WHAT IS REQUIRED:
Without the images, write out the whole listing exactly.

Segment Start: COLLECTED DATA

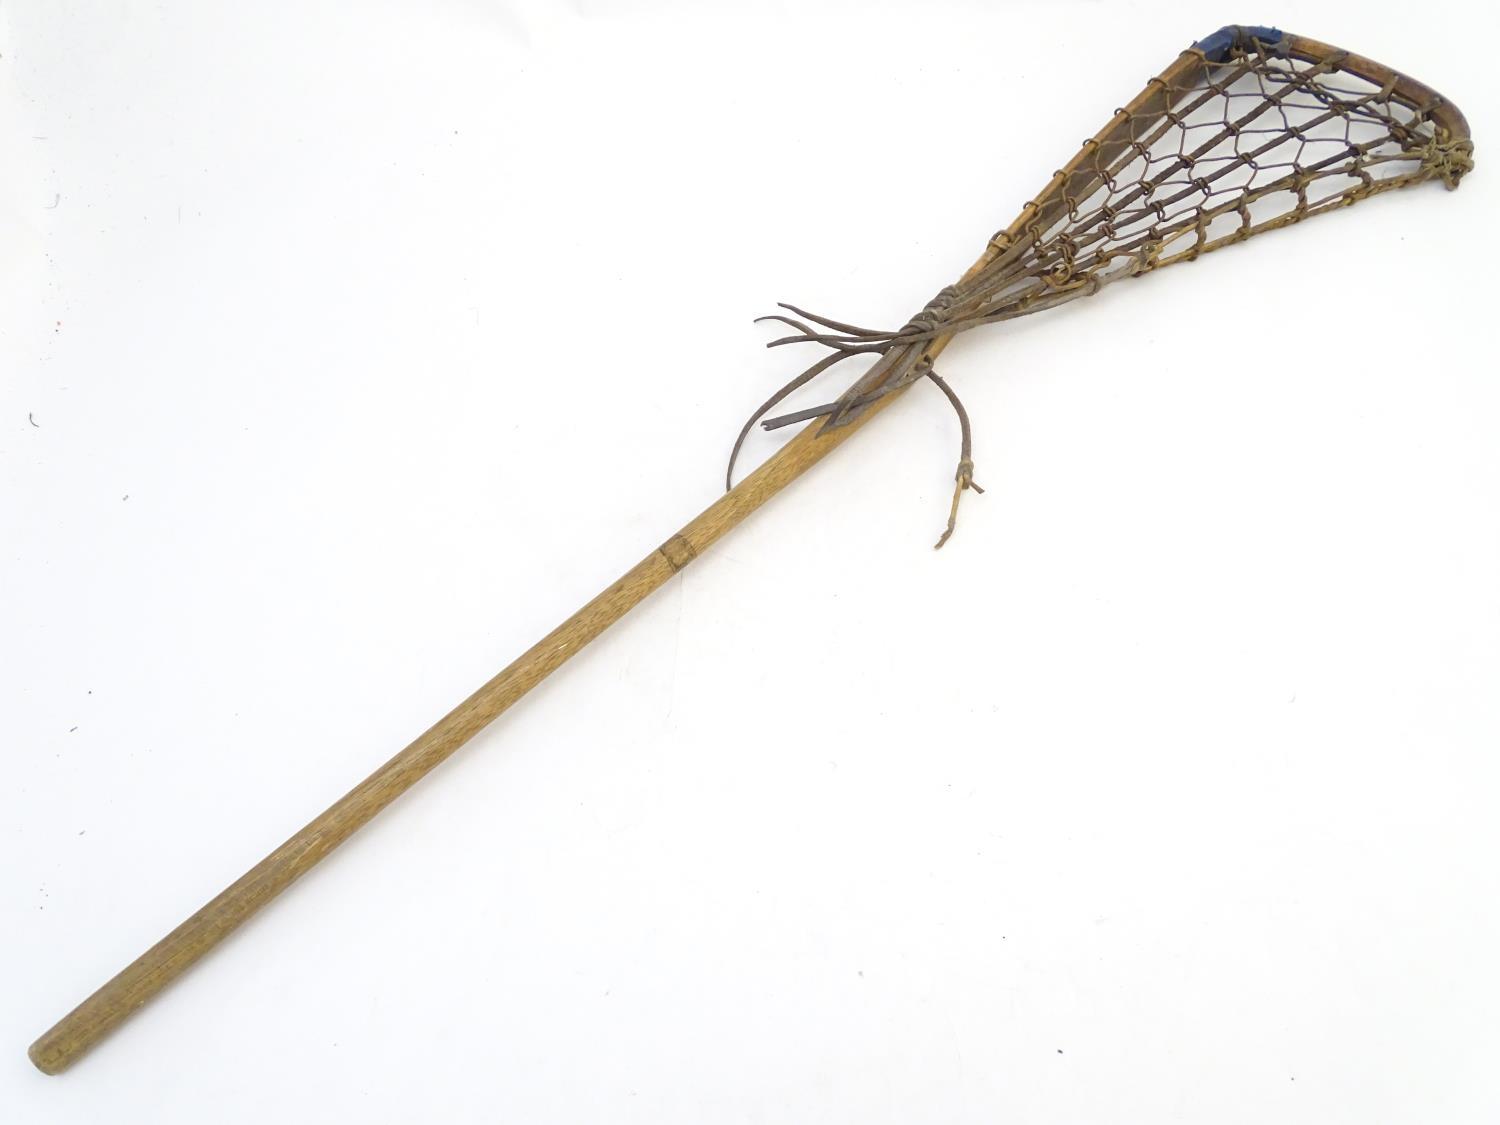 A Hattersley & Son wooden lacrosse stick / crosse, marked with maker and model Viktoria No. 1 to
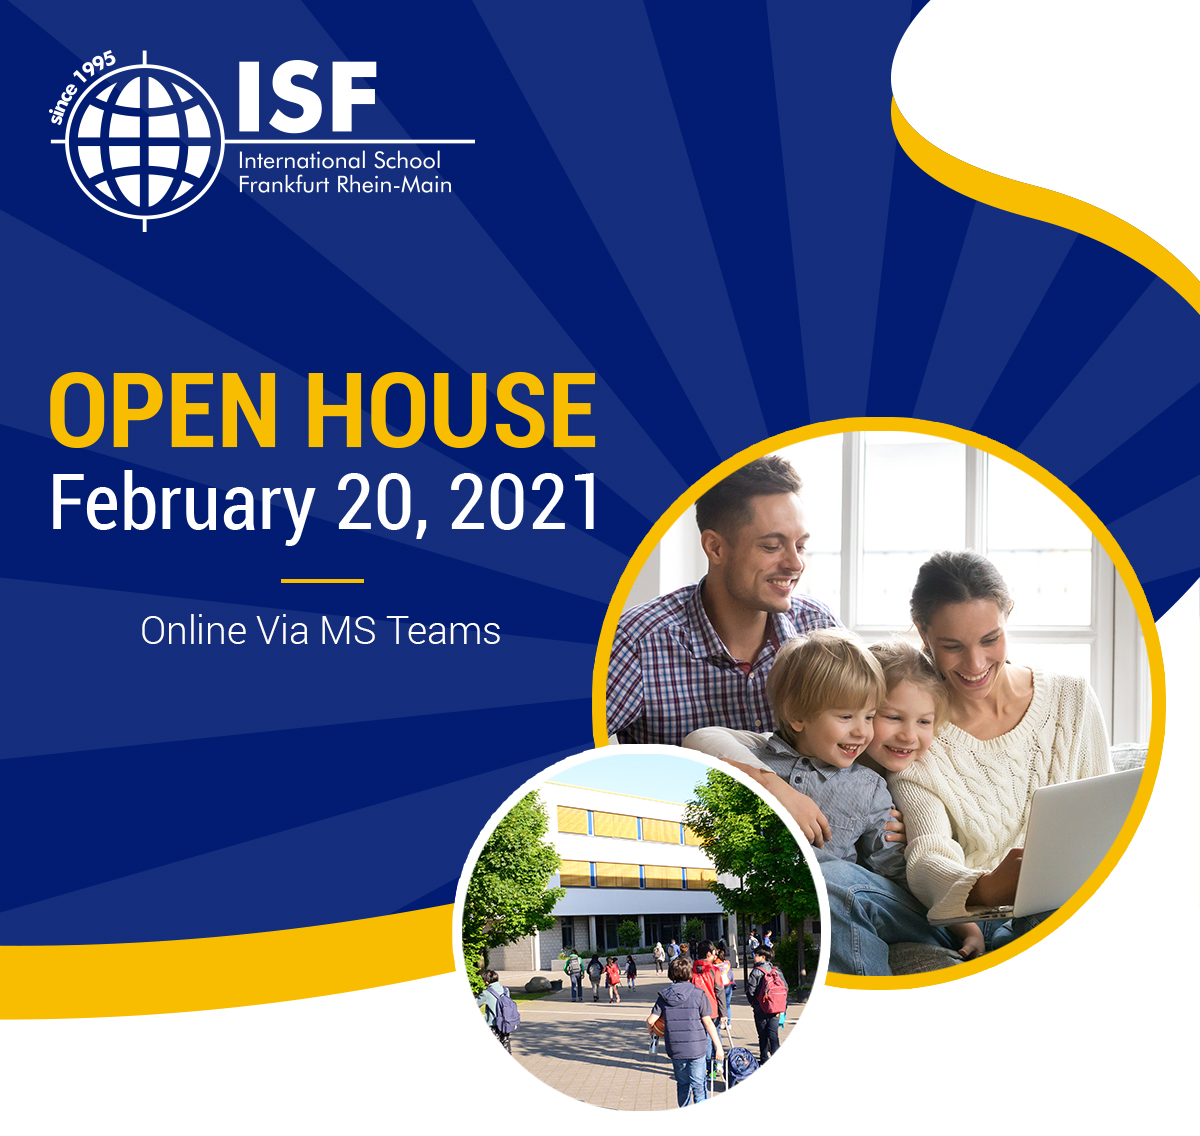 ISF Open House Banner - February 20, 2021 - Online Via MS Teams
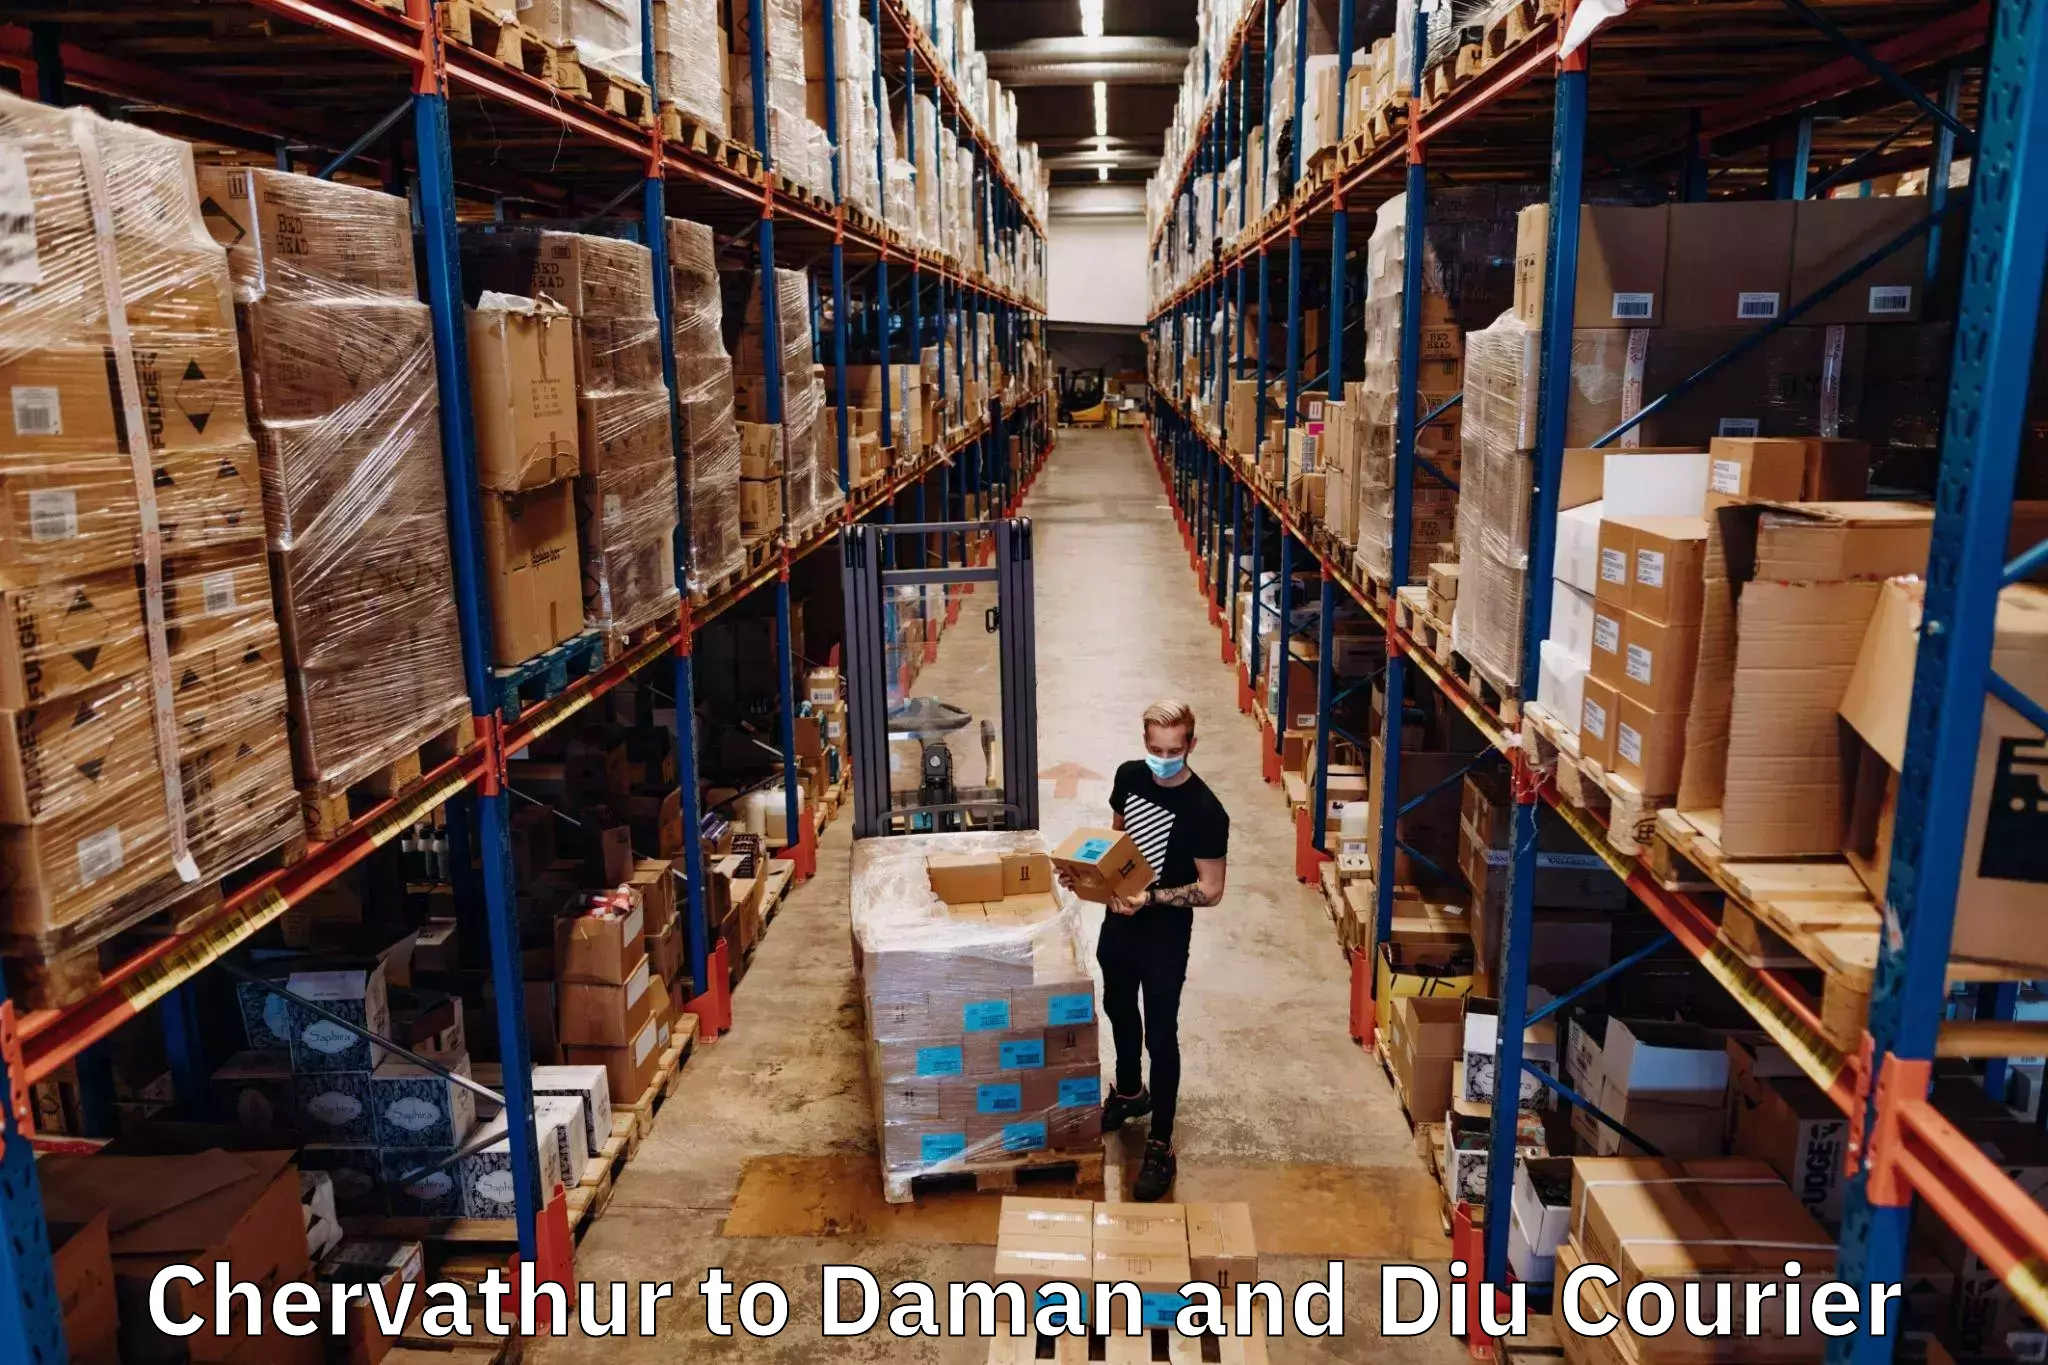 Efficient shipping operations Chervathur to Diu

Segment End: COLLECTED DATA

OUTPUT BELOW:
 A Hattersley & Son wooden lacrosse stick / crosse, marked with maker and model Viktoria No. 1 to
 ISF Open House Banner - February 20, 2021 - Online Via MS Teams
 Efficient shipping operations Chervathur to Diu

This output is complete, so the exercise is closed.